=== Assignment ===
The output must consist only of the lines from the one with "Portable Wrist Strap" through the end of the listing, restated exactly and free of pictures.

=== Source data ===
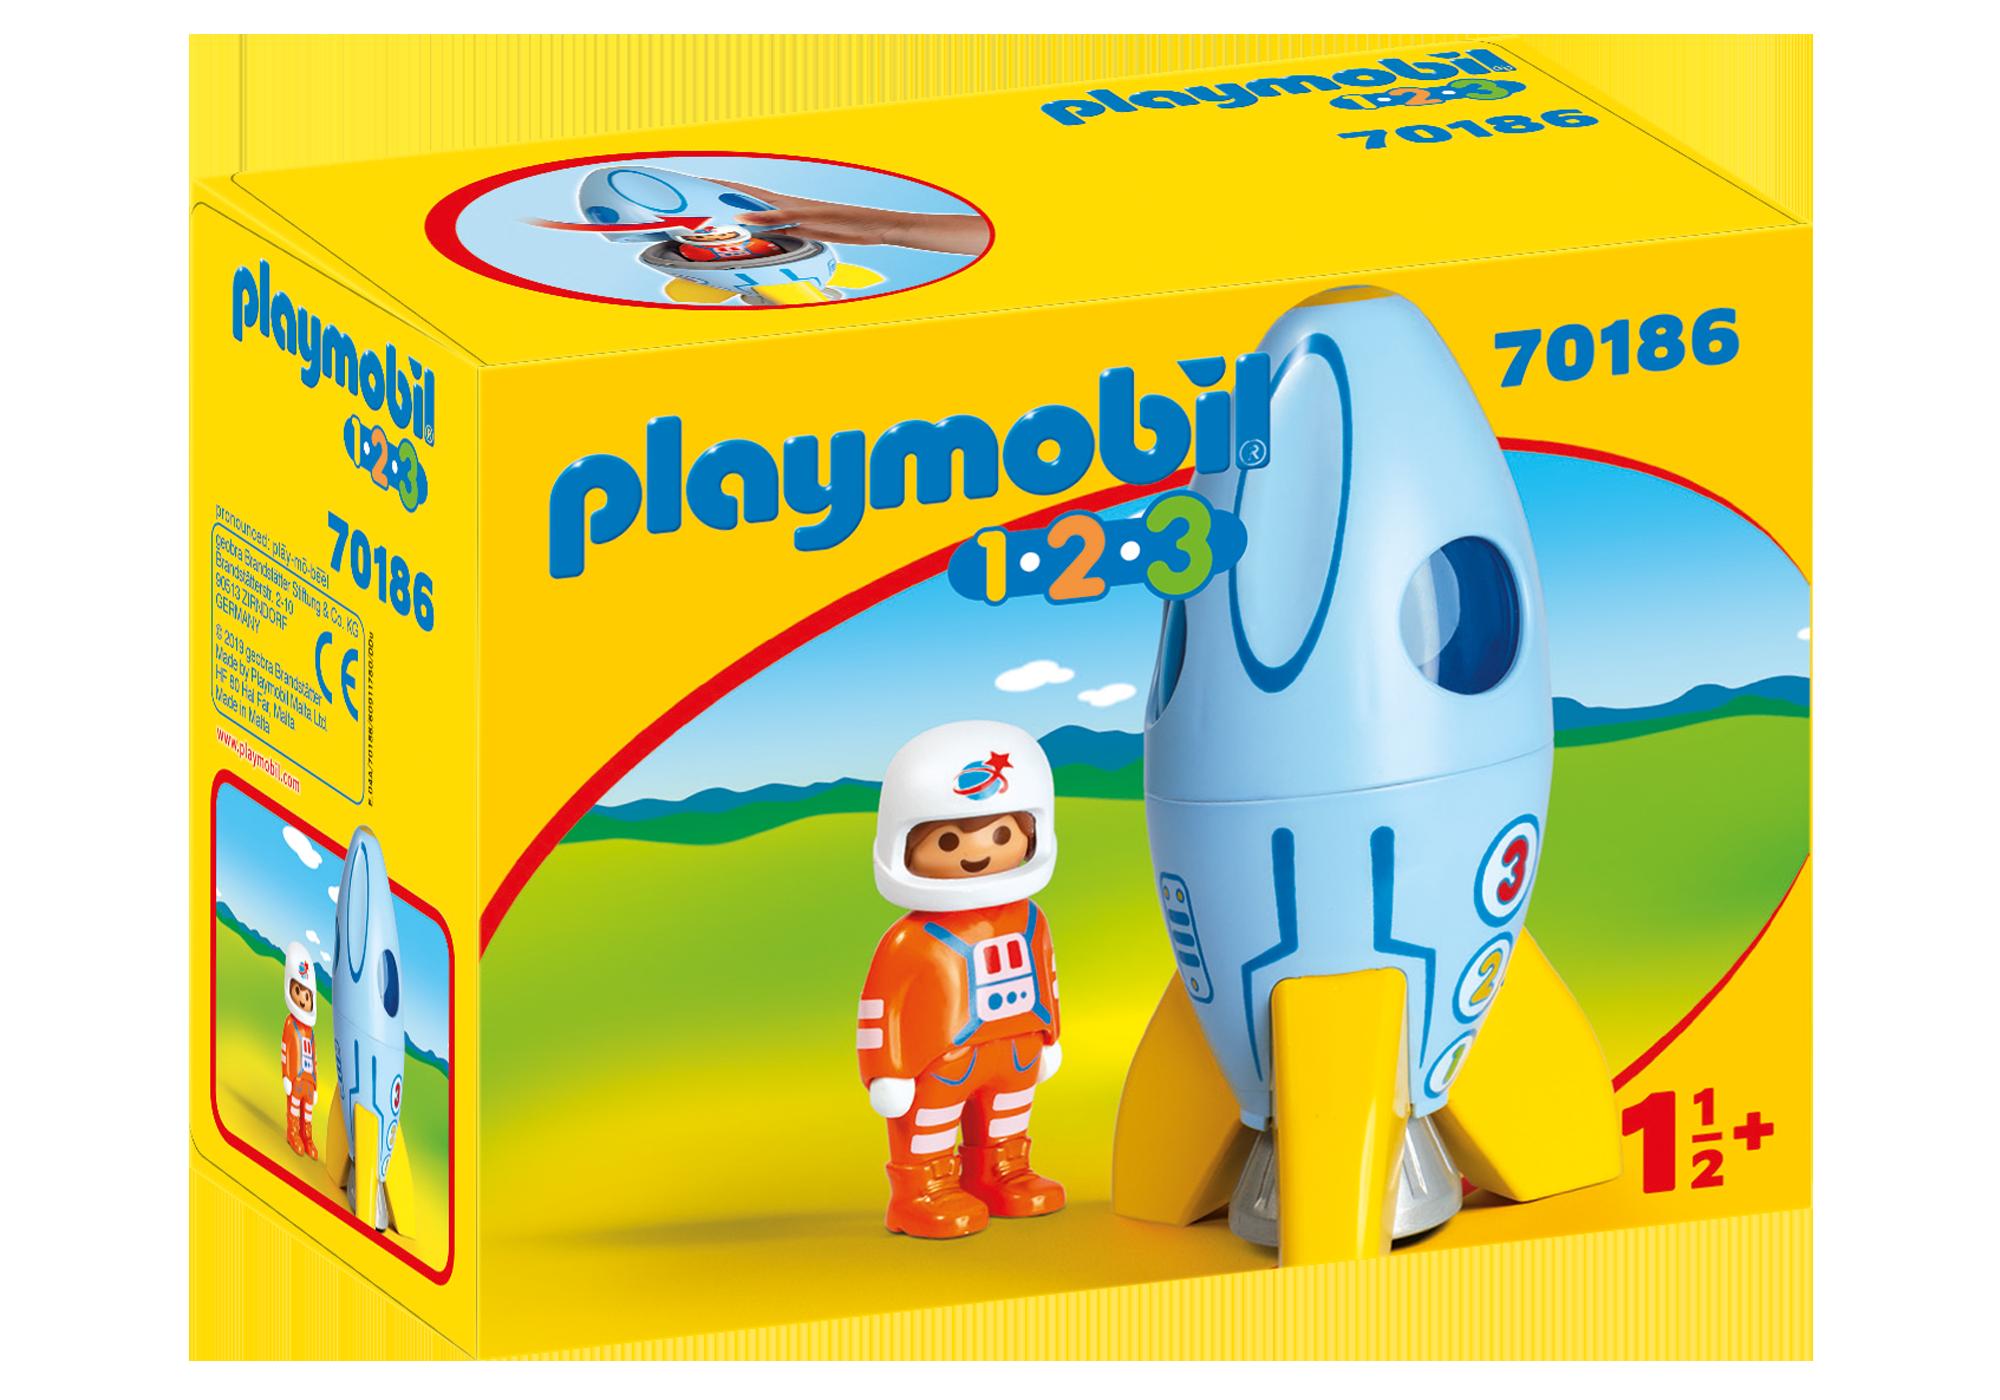 http://media.playmobil.com/i/playmobil/70186_product_box_front/Razzo con astronauta 1.2.3
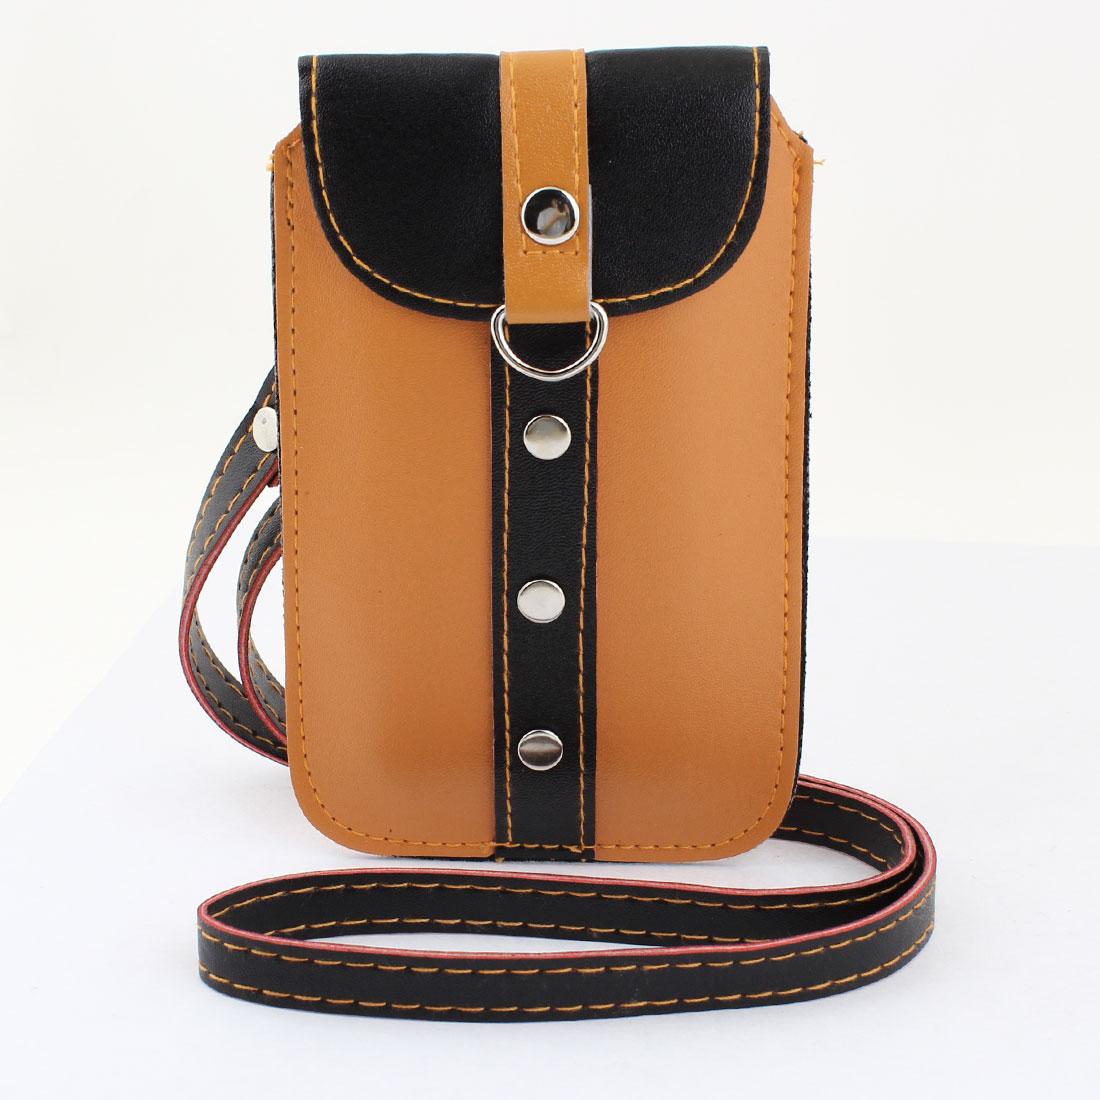 Portable Wrist Strap Sleeve Cover Fleece Lining Black Orange Cell Phone Holder
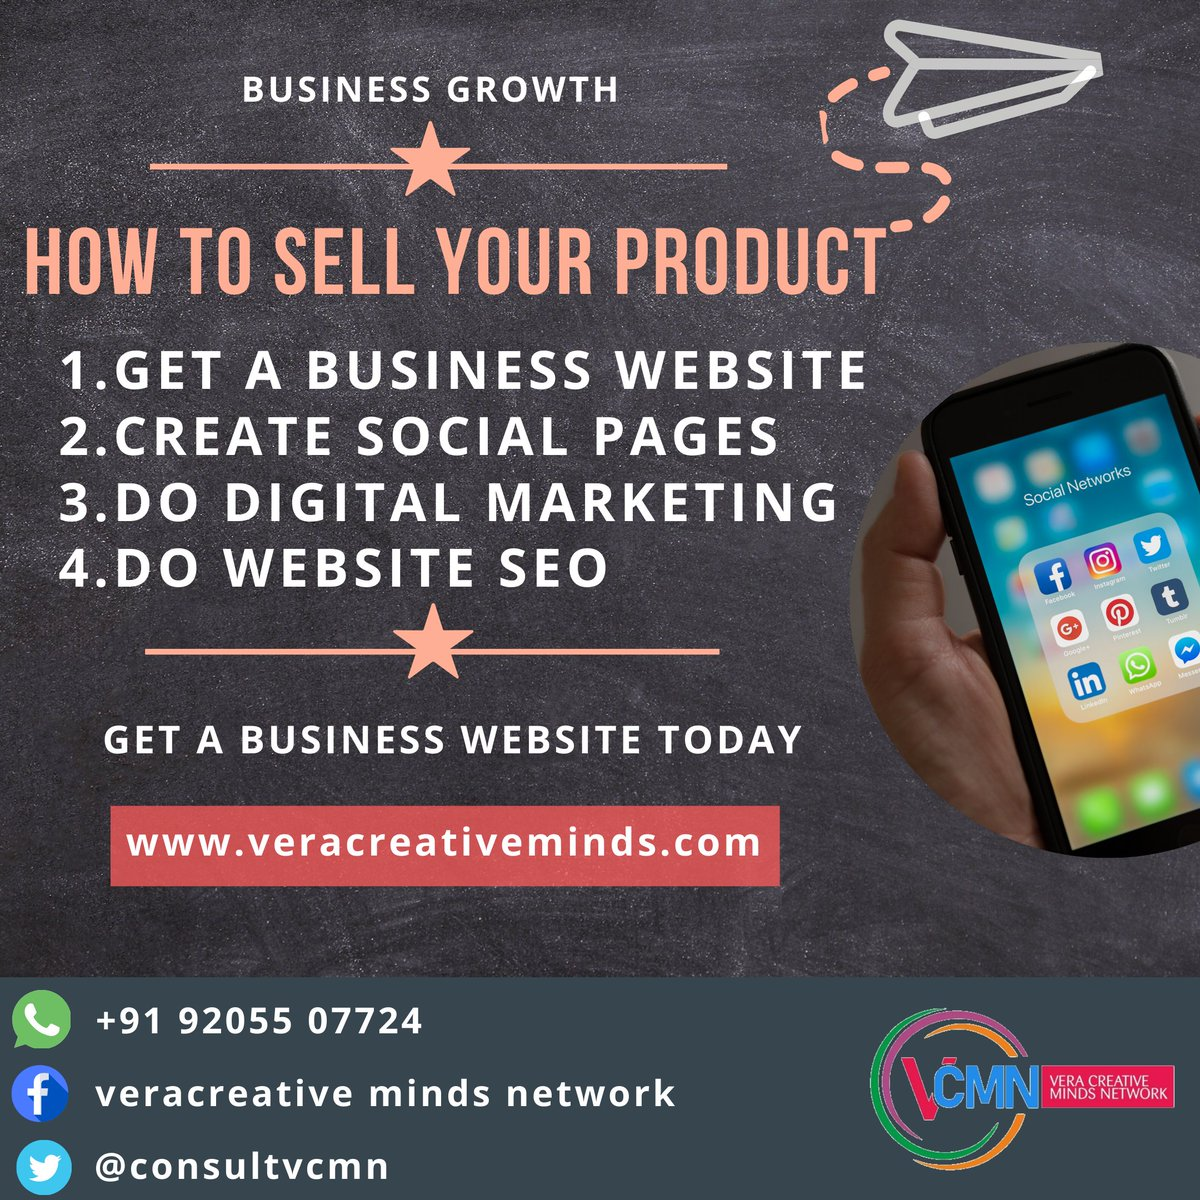 Get in touch for all your Website and Digital Marketing needs  Whatsapp on: +91 92055 07724  http://www.veracreativeminds.com  #GhanaStartups #onlinebusiness #socialmedia #salesstrategies #websitedevelopment #websitedesign #digitalmarketing #seo #socialmediapic.twitter.com/qUDPMgrHO1

=== Exercise result ===
 Portable Wrist Strap Sleeve Cover Fleece Lining Black Orange Cell Phone Holder
 Get in touch for all your Website and Digital Marketing needs  Whatsapp on: +91 92055 07724  http://www.veracreativeminds.com  #GhanaStartups #onlinebusiness #socialmedia #salesstrategies #websitedevelopment #websitedesign #digitalmarketing #seo #socialmediapic.twitter.com/qUDPMgrHO1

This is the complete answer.